According to the NIH, people who are on plant-based diets sometimes require as much as 50% more of the RDA for zinc than non-plant based. Soaking beans and choosing leavened grains (bread versus crackers) can help inhibit phytates and increase zinc absorption.
7. Iodine
When it comes to this thyroid supporting mineral, the partially good news for vegans is that sea vegetables like seaweed are among the best sources of iodine. The not-so-good news is that seaweed is one of the only food options that both serves as a good source and is suitable for vegan diets.
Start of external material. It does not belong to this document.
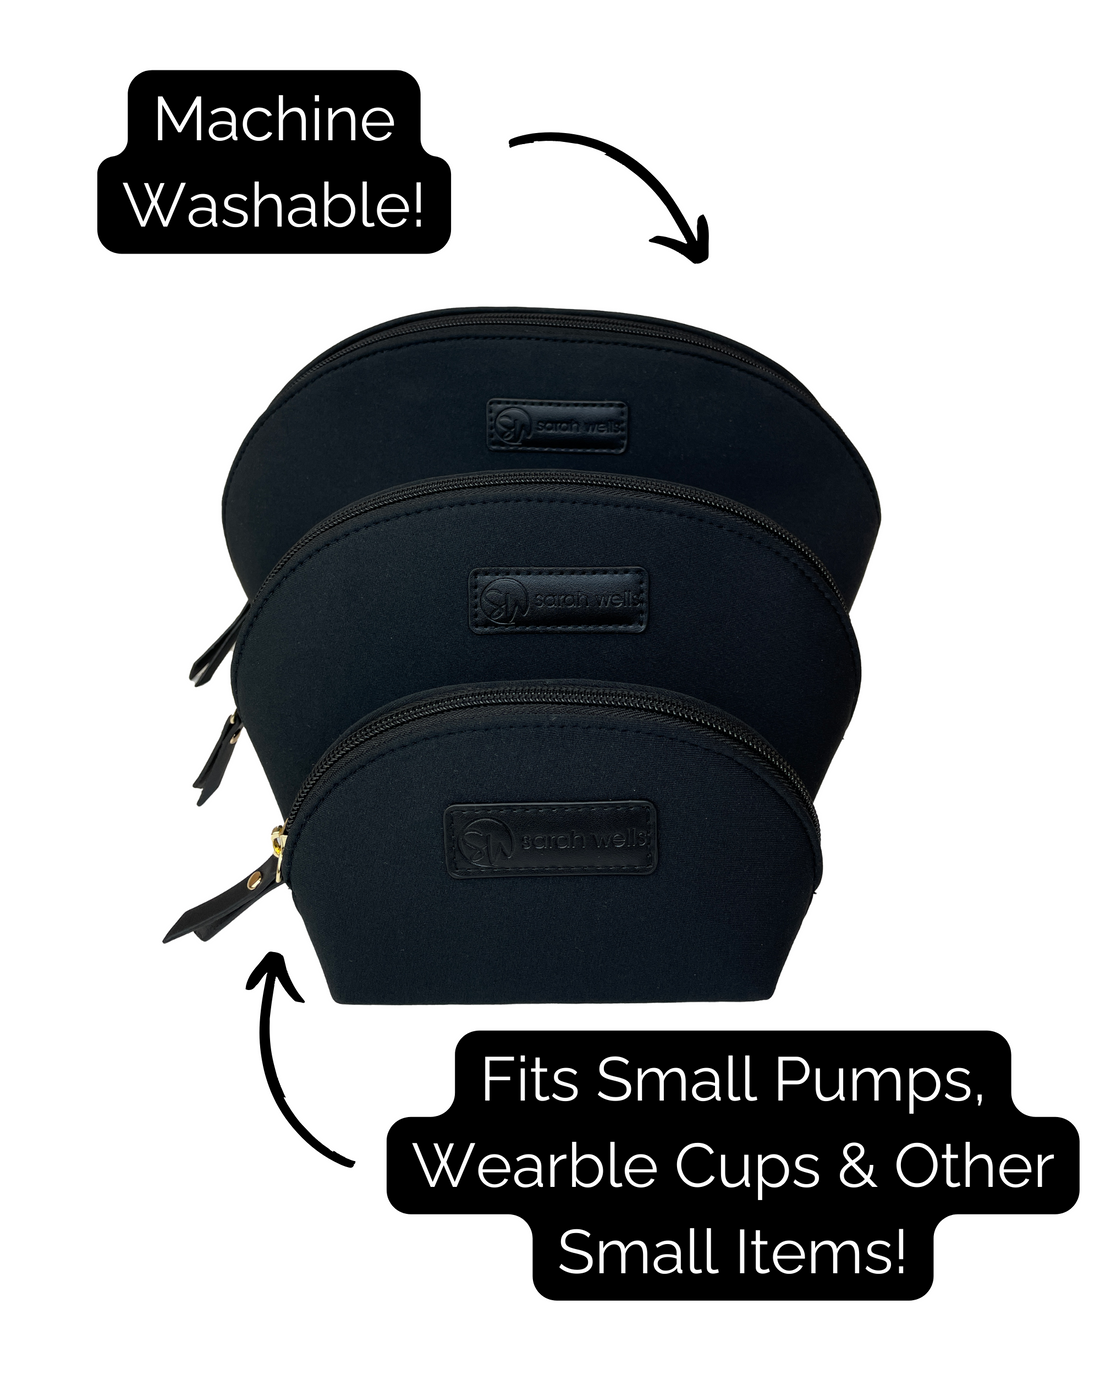 PackSWell Neoprene 3 Nesting Bags (Black)

Some plant foods such as beans and potatoes contain iodine, but are not reliable sources since the amount will vary based on regional growing practices. Using iodized salt is also an option for vegans to get more iodine. Because plant-based options are lacking, vegans are at risk of deficiency and should consider iodine supplementation, especially if pregnant or breastfeeding.
8. Omega-3: DHA
DHA (docosahexaenoic acid) is an omega-3 fatty acid that is important for brain and heart health. It is largely obtained from fatty fish like salmon and sardines. It can be difficult for vegans and non-vegans alike to get enough DHA.
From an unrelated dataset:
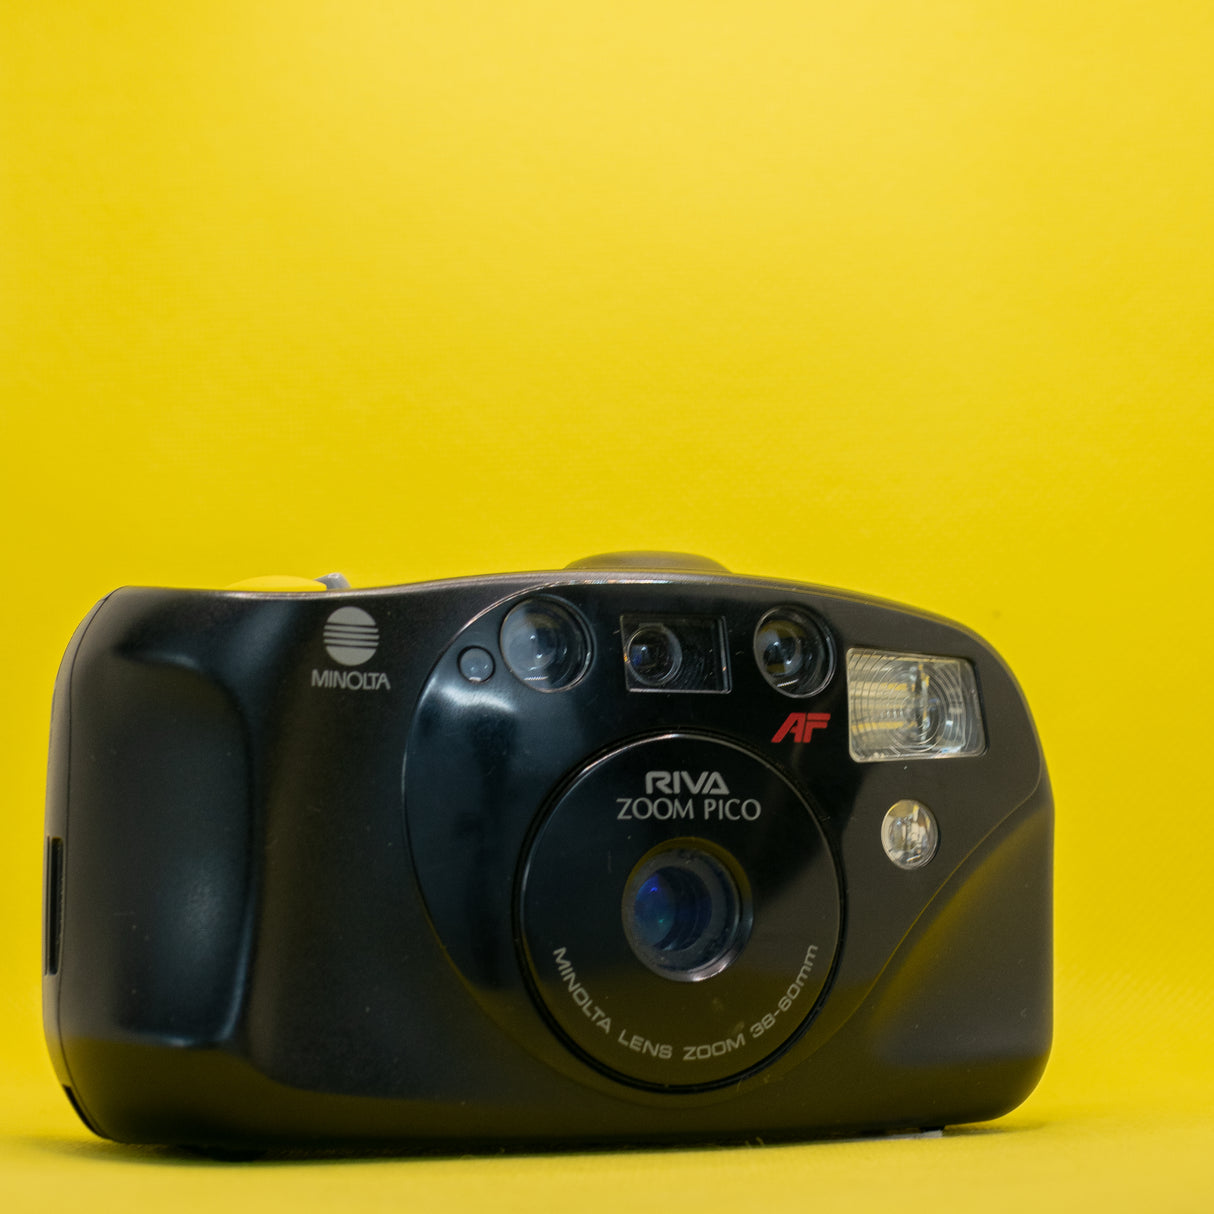 Minolta Riva Zoom Pico - 35mm Compact Film Camera

If you are vegan, consider supplementing with algae derived DHA instead of fish oil as your omega-3 supplement to make sure you are getting enough. Nuts (walnuts) and seeds (chia, flax) are vegan sources of an omega-3 called alpha linolenic acid (α-linolenic acid; ALA), but it is a common misconception that ALA will cover your bases. We can convert ALA to EPA (eicosapentaenoic acid) and DHA to some extent, but the conversion efficiency is very low.
9. Vitamin B2
Riboflavin, AKA vitamin B2, plays important roles in energy production, cellular function, metabolism and more.
Lean meat, eggs, dairy, almonds, quinoa, spinach, grains and fortified cereals contain riboflavin. Because riboflavin is soluble in water, some riboflavin content is lost in cooking water when foods are boiled. Interestingly, intestinal bacteria can make some riboflavin. Despite this, vegetarian athletes and vegans are considered to be at risk of riboflavin vitamin deficiency. Exercise produces stress in the metabolic pathways that uses riboflavin, therefore athletes may have an increased need for this nutrient.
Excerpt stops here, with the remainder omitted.